A German court rejected a lawsuit by the environmental group "Greenpeace" to force the car manufacturer Volkswagen to stop selling vehicles with internal combustion engines in 2030.
The civil suit is among a series of similar ones filed by climate change activists, including one against luxury carmaker BMW, which was dismissed last Sunday, N1 reports.
The regional court in Braunschweig ruled that VW acted in accordance with the law, the German news agency DPA reported.
The car manufacturer welcomed the verdict, and Greenpeace announced an appeal.
"Companies like Volkswagen, which are damaging the climate, have a responsibility to reduce CO2 emissions much faster and end their fossil fuel-based business models," the group said in a statement, which believes that "this is the only way to slow down the climate crisis."
Scientists say that emissions of harmful gases that warm the atmosphere, such as from burning fossil fuels, must be sharply reduced in the coming years to limit global warming to a tolerable 1,5 degrees Celsius this century.
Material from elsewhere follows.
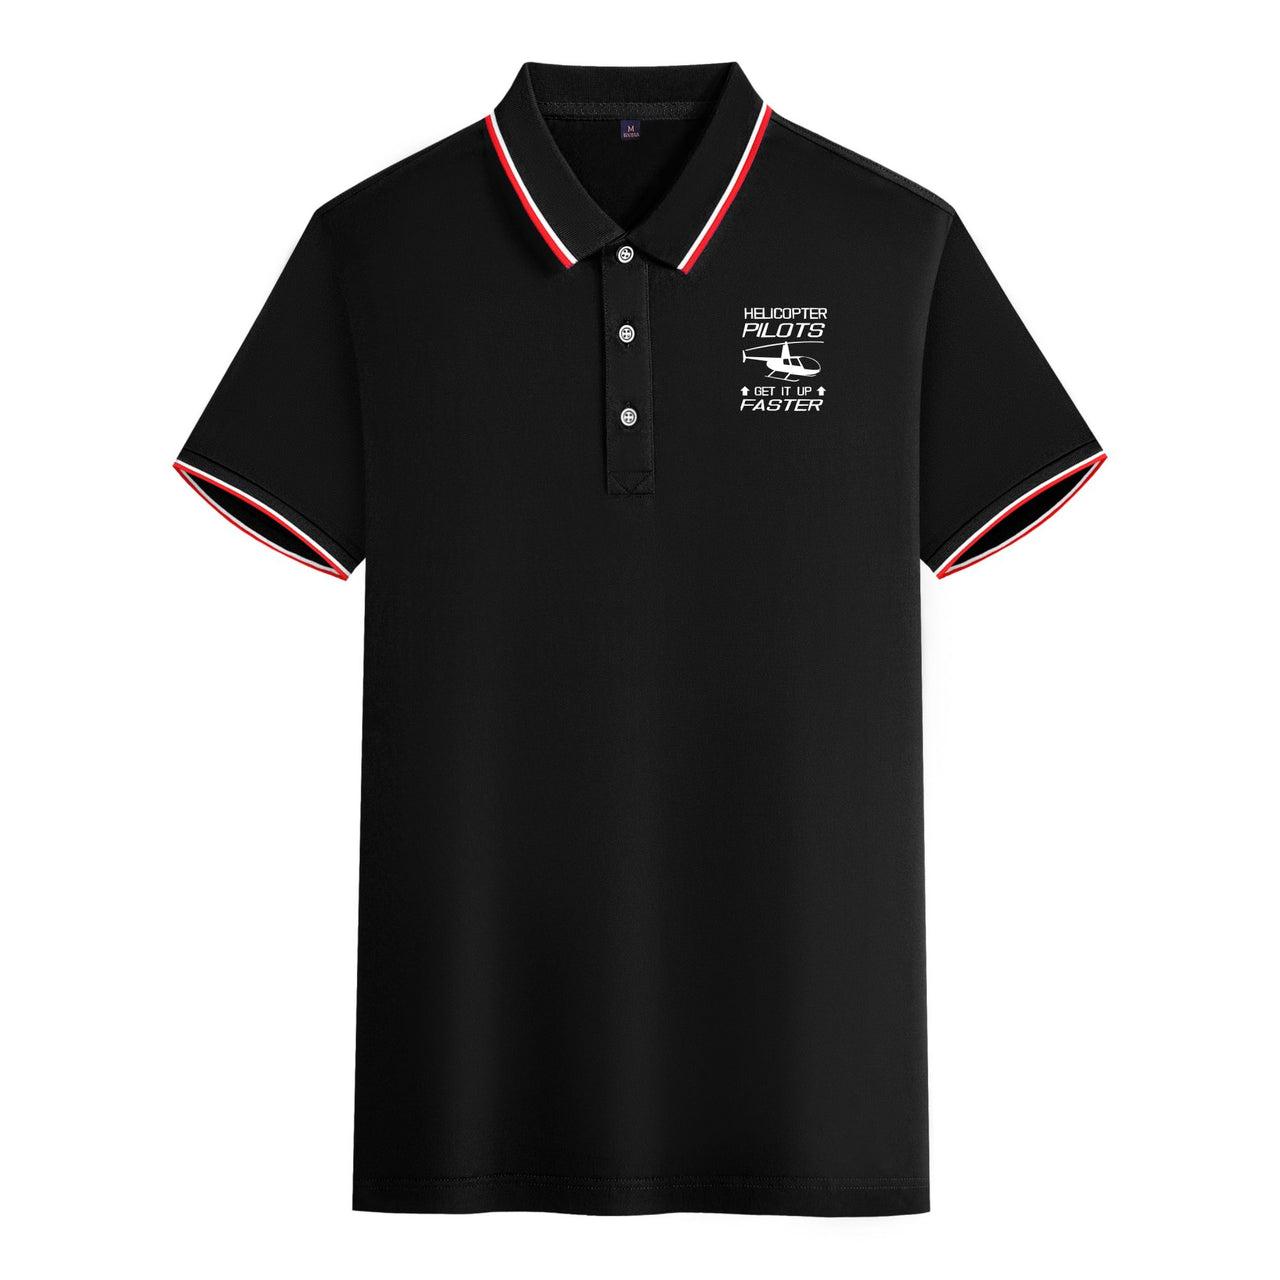 Helicopter Pilots Get It Up Faster Designed Stylish Polo T-Shirts

Deputies of the European Union today approved the agreement reached in October to ban the sale of new gasoline and diesel-powered cars and vans until 2035, but that decision has yet to be approved by the Council.
Conservative politicians in Germany, which has a powerful car lobby – VW, Mercedes and BMW, want to exempt from the sales ban vehicles that would still have internal combustion engines, but would use synthetic fuels produced from renewable energy sources.